11. The method of claim 9, wherein the lysophospholipid is lysophosphatidyl choline (LPC) and/or lysophosphatidyl ethanolamine (LPE).

12. The method of claim 11, wherein the lysophosphatidylcholine and/or the lysophosphatidylethanolamine are at least one selected from the group consisting of p-14:1, 16:0, 18:0, 18:1, 20:0, 20:2, 20:4, 22:5 and 22:6.

13. The method of claim 9, wherein the metabolic disease is obesity.

14. The method of claim 9, wherein the metabolic disease is diabetes.

15. The method of claim 9, wherein the metabolic disease is hyperlipidemia.

16. The method of claim 9, wherein the metabolic disease is hypertension.

17. The method of claim 9, wherein the metabolic disease is hypercholesterolemia.

18. The method of claim 9, wherein the metabolic disease is hyperinsulinemia.

19. The method of claim 9, wherein the metabolic disease is arteriosclerosis.

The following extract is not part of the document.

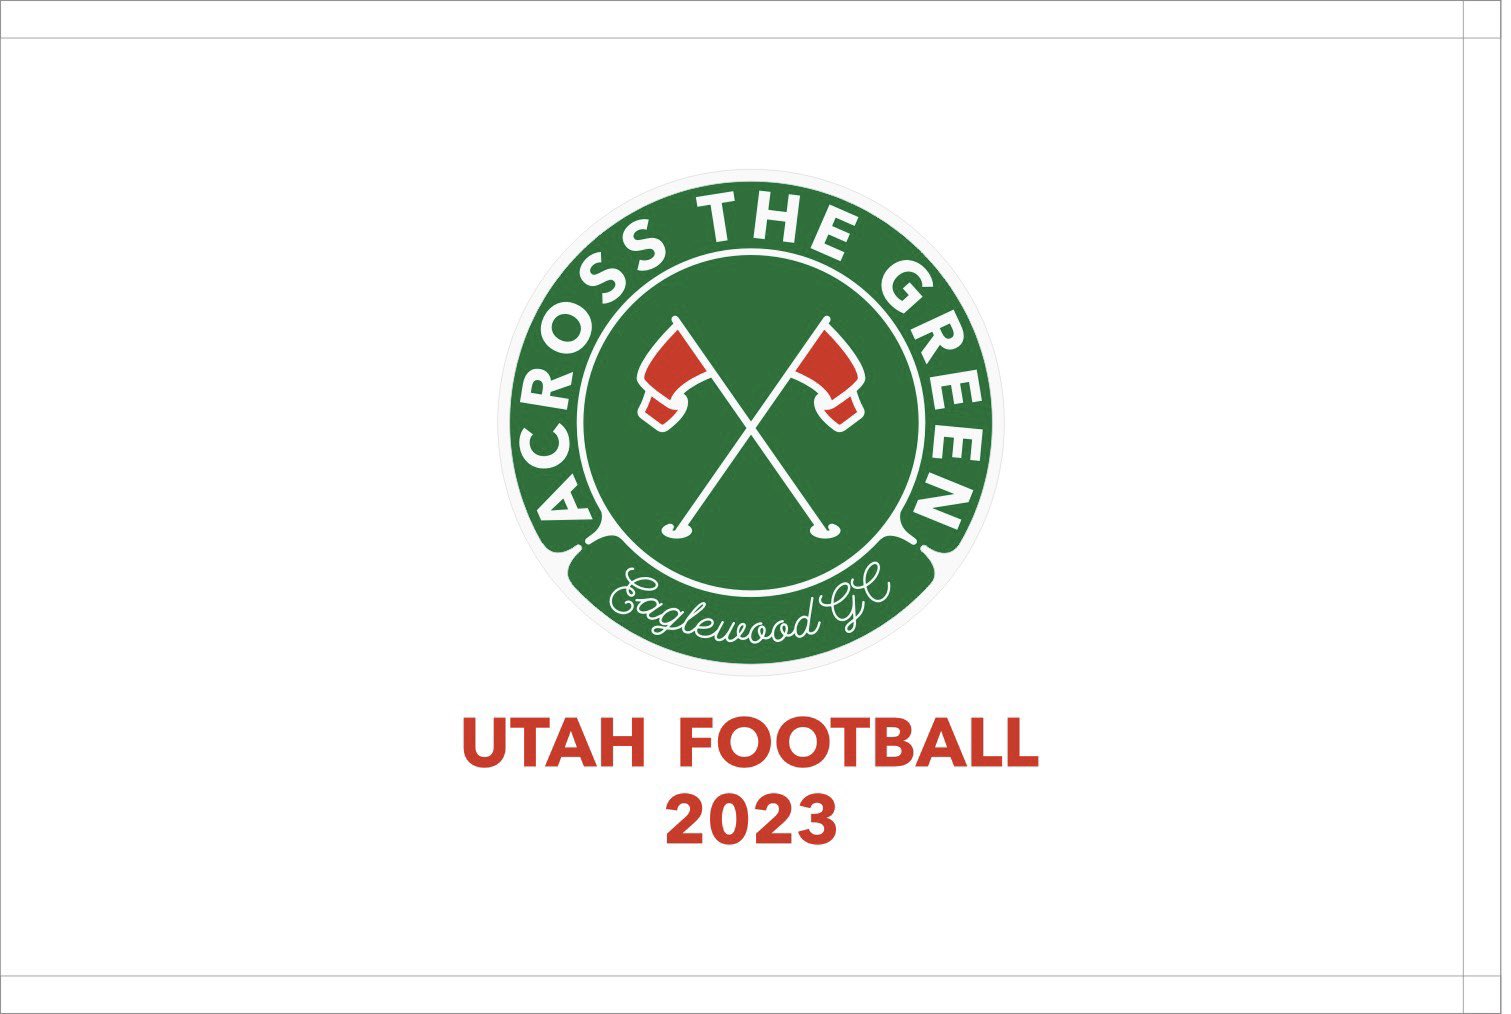 Support Utah football at the Across The Green NIL Golf Tournament

20. The method of claim 9, wherein the metabolic disease is fatty liver.

21. The method of claim 9, wherein the composition is a pharmaceutical composition comprising the lysophospholipid (LPL) and at least one of a pharmaceutically acceptable carrier, an excipient, or a diluent.

22. The method of claim 9, wherein the composition is included in a health functional food.